Ensuring Safety in Lithium Ion Battery Packs

Lithium – ion batteries provide best service to the users, more economically and efficiently since they are designed and manufactured imbibing latest technology. It is important to describe the risk as the effect of uncertainty on objectives and current practices in safety engineering which are built from a foundation of managing since uncertainties.

Risk management seeks to:

  • 1. Ensure that adequate measures are taken to protect people, the environment and asset white using, storing, handling during manufacture and transportation.
  • 2. Balance different concerns in Lithium Ion Battery Packs (e.g. safety and cost) through analytic methods.
  • Risk Analysis in Lithium Ion Battery Packs

    One foundational principal of current risk analysis is a focus on observable quantities (e.g. failure occurrence rate) that describe the states of the system. Such observable quantities can be predicted through design and historical data analysis, with the related mathematical uncertainties expressed as probabilities. One specific risk management and analysis tool is Probelolistic Risk Assessment (PRA). It is also called Quantitative Risk Assessment.

    Use of PRA

    It is commonly used in safety engineering across domains (e.g. Aviation) PRA attempts to capture and mathematically express the current state of knowledge about system including uncertainties. If identifies hazards, their deterministic causes and consequences and provides a way of describing uncertainty. PRA enables the calculation of expected risk values (defined as probability of an event multiplied by the severity of its consequences) so that alternatives can be compared on a similar numerical basis, where there is insufficient data to directly predict behavior. Therefore risk, PRA relies on Fault Tree Analysis (FTA) and Event Tree Analysis (ETA). To construct a system into components this can be more readily quantified.
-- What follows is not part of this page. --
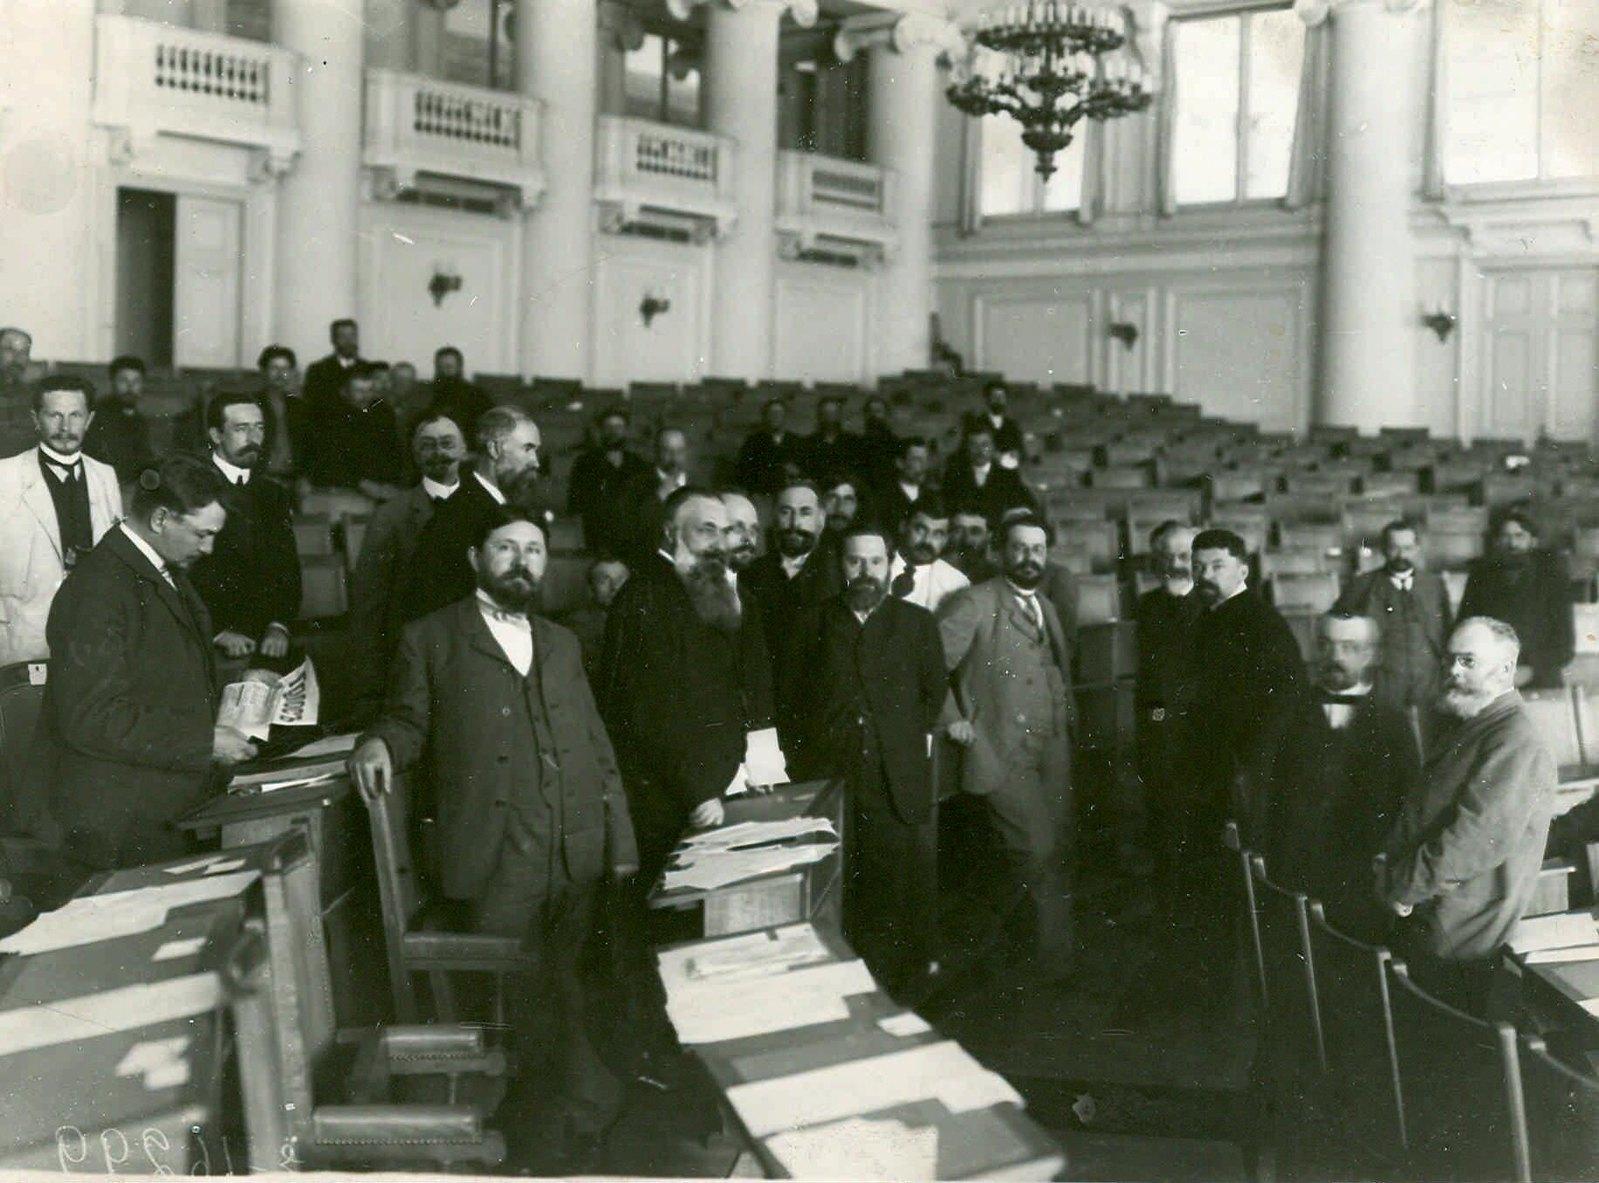 1906. Группа депутатов Первой Государственной Думы в зале заседаний Таврического дворца

    Total risk is calculated through mathematical functions of the system’s architecture and risk is identified at the component level. PRA logic suggests that for safety engineering risk reduction is equated with improved safety. Despite a history of successful and useful application in and across safety domains, PRA encounters several problems when applied to safety of complex system. These problems stem from the structural assumptions and underlying biases inherent in PRA logic.

    PRA Performance

    Performing PRA assumes that there is sufficient input/output data and knowledge of the underlying mechanism to make accurate predictions of system behaviour. But there exist many factors effecting safety that are difficult and are further impossible to measure, quantify and therefore observe. These factors challenge that assumptions of PRA and call in to questions to accuracy, the safety predictions proposed for Lithium Ion Battery Packs.

    Minute manufacturing variations, untracked environmental conditions (including during shipping and installation) imperceptible chemical side reactions, digital errors whose records and effects are erased biological sensory perception, human understanding and organizational safety culture are all factors known to affect safety in ways that are difficult or impossible to directly observe and predict. Software performance in automated system can also be difficult to observe on in a safety context due to the complexity of system requirements and interactions across organizations involved in its development.
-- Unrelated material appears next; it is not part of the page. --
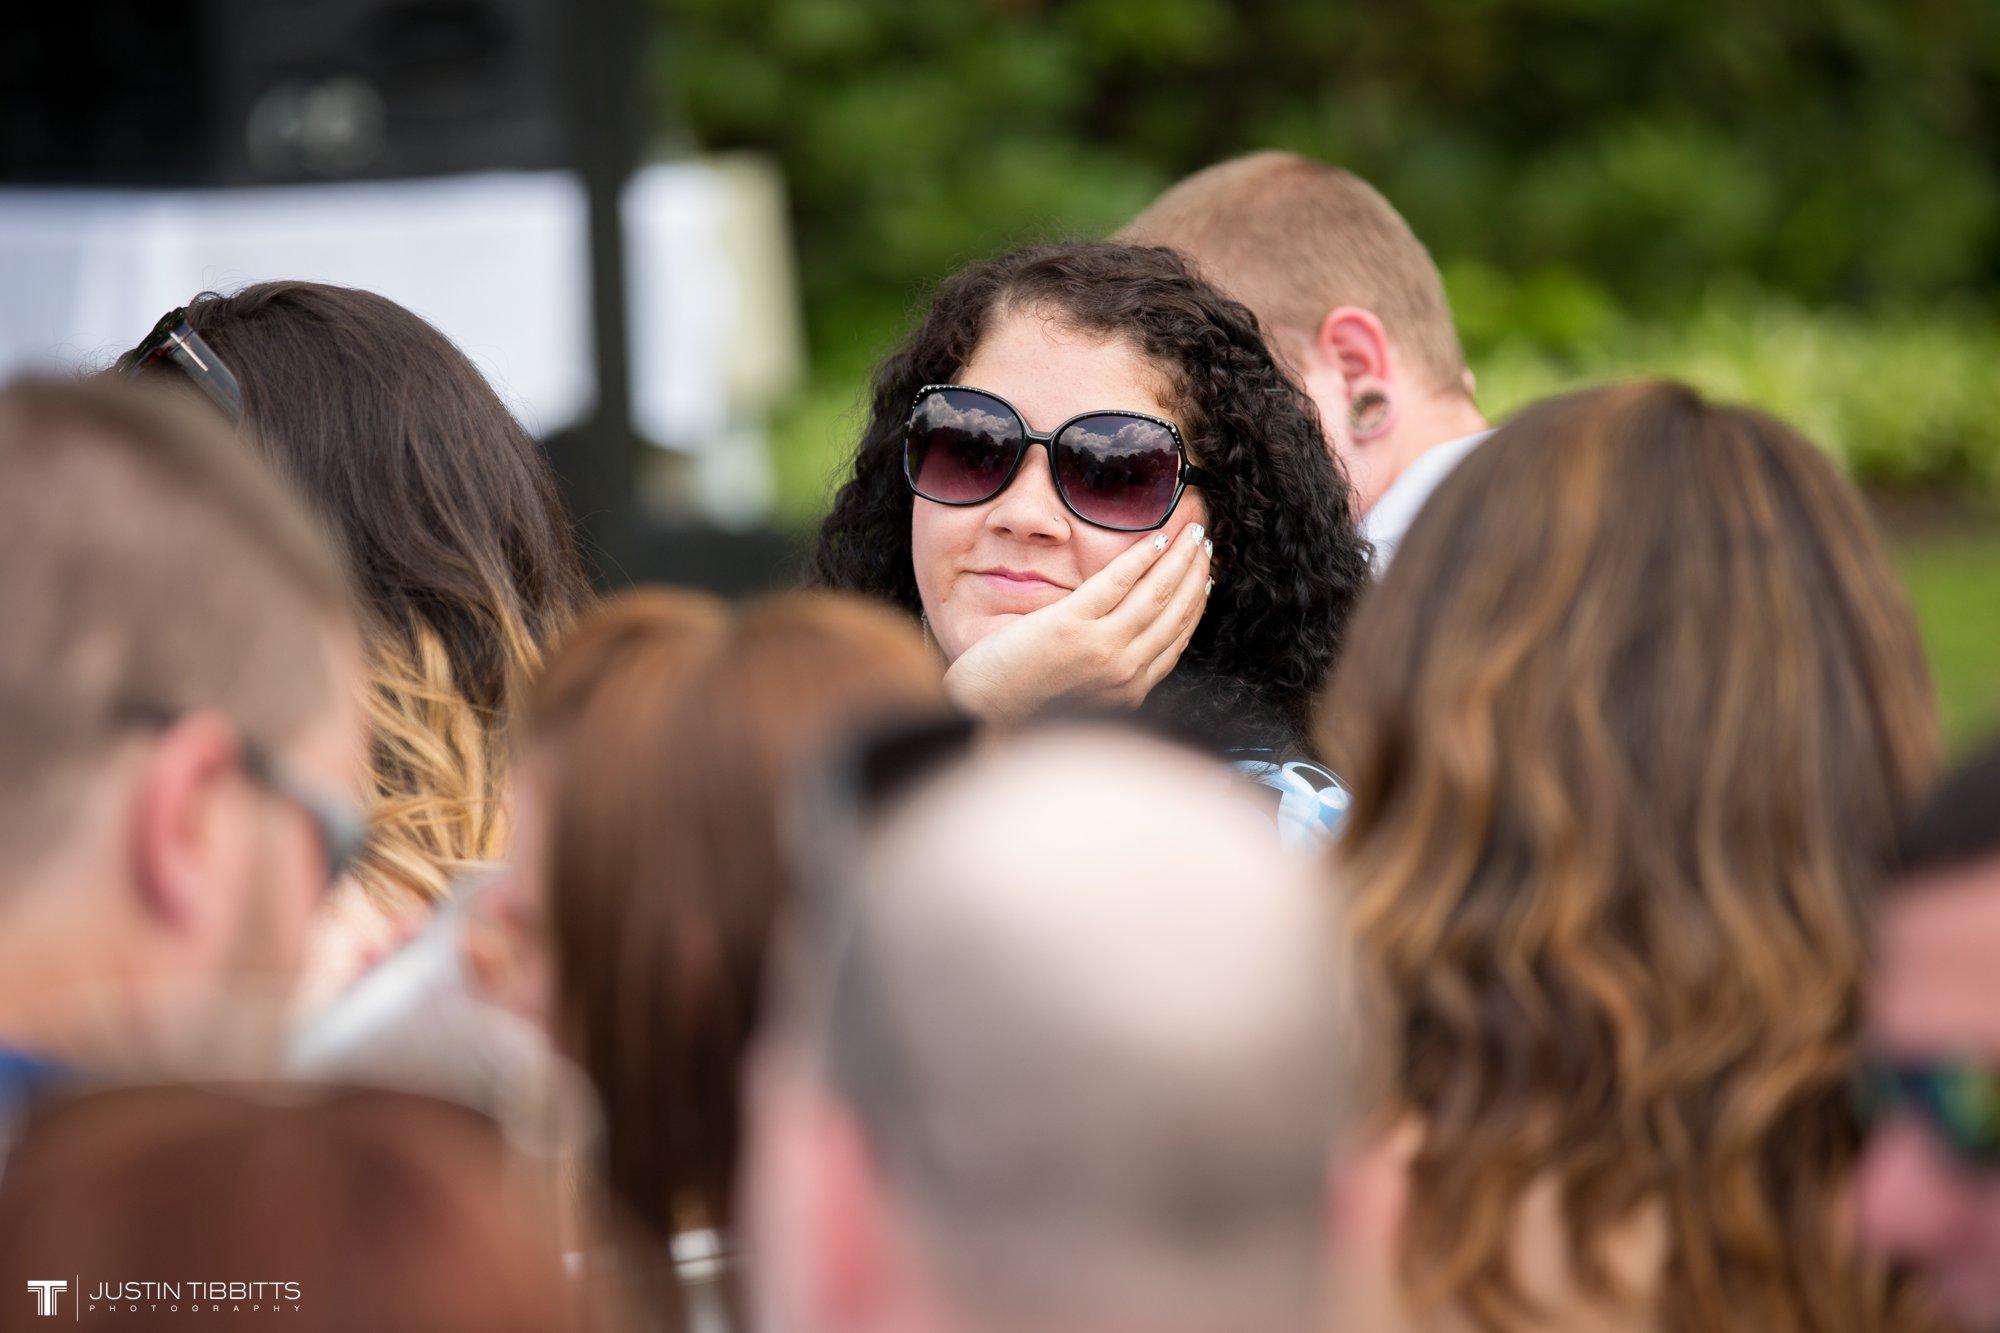 Albany NY Wedding Photographer Justin Tibbitts Photography 2014 Best of Albany NY Weddings-42045294523

    When system risk is calculated based on system architecture and component risk values, risk management assumes system interactions can be combined in deterministic or predictable ways. But today’s complex system increasingly includes social and organizational influences.

    Learning Energy Sufficiency of Lithium Ion Battery Packs

    To explore whether Lithium-Ion battery packs possess sufficiently observable risk and/or predictably compounded risk amendable to PRA, two examples can be revisited in the context of PRA. These examples come from the aviation industry, automobile industry, watches and more on account of the rich data available in this field; however similar cases exist for the use of PRA in grid energy storage.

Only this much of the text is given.